Clearly, there are political implications here. If we truly have a nation full of people with fixed-rate debt (and floating incomes), then there is no incentive to control inflation. Quite the contrary: you want all the inflation you can. Ironically, this is true even if the subjects don’t see it that way themselves: way I remember it, some of the loudest grousing about inflation came from people who were its biggest beneficiaries.
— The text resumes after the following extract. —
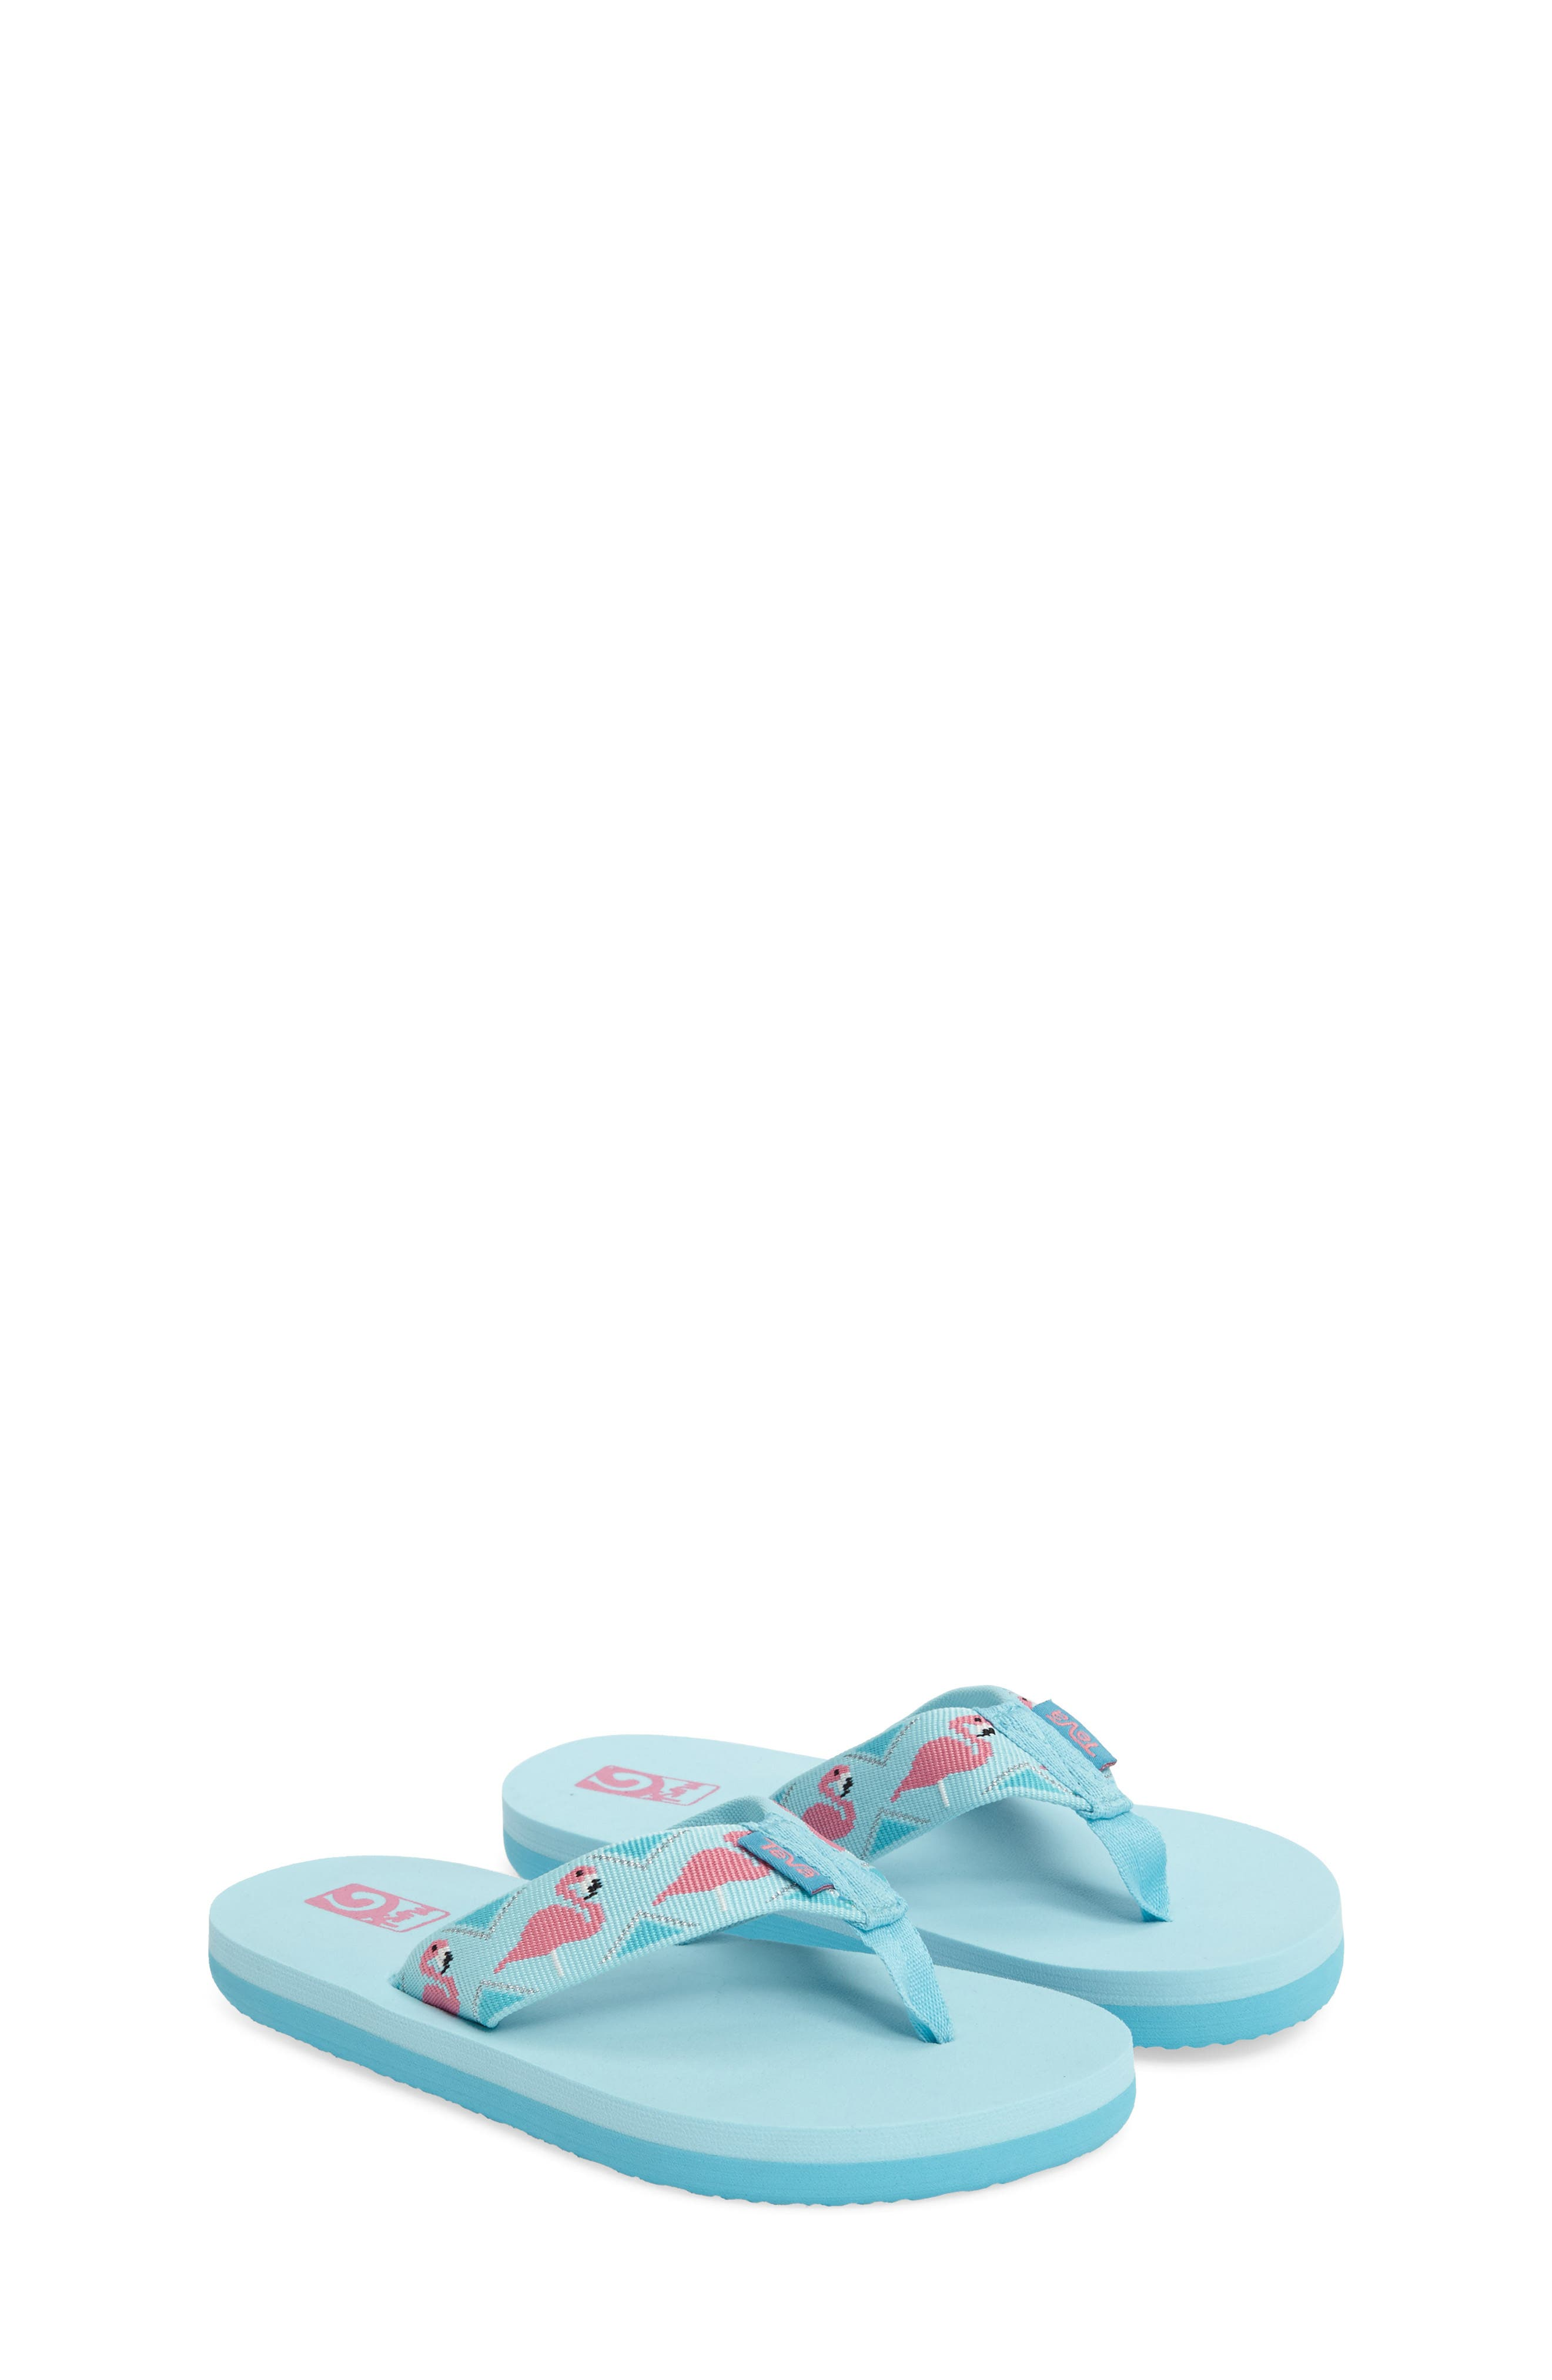 Teva Mush II Flip Flop (Baby, Walker & Toddler)

This is the point where you would expect me to write about how the inflation is coming back again, with the inflation lobby in tow. In truth, I believe the first part of that proposition. I’m one of those who believes that we are behaving like Donald Duck in the cartoon, suspended in mid-air, having run off the diving board and not yet having noticed that he’s ready for a fall. But what about the inflation lobby? Recall what I said before: “if your debt is fixed.” Back then, the mainstay of the loan market was the fixed-rate loan. Consumer installment loans were fixed-rate. So also credit card debt (if you had any). And the system thrived on the 20-year (or 30-year) fixed rate real estate loan.

You can see where I am going with this one. I’m not smart enough or well informed enough to say anything conclusive about the loan market today. But I do know that a lot of our debt is floating-rate. Translated, that means we have shifted the risk of rate fluctuation from lenders (where it lay in the 70s/80s, and since time immemorial) to borrowers. If I’m right, then inflation may be far more painful for the mass of borrowers next time than it was last. Indeed, this may be one reason why there hasn’t been as much worry about the risk of inflation as you might expect—it may be that the people most like to suffer from it belong to a class that has no memory of any such pain. Keep this in mind as you try to figure out what will happen when payday comes on all the borrowing and spending of the last few years.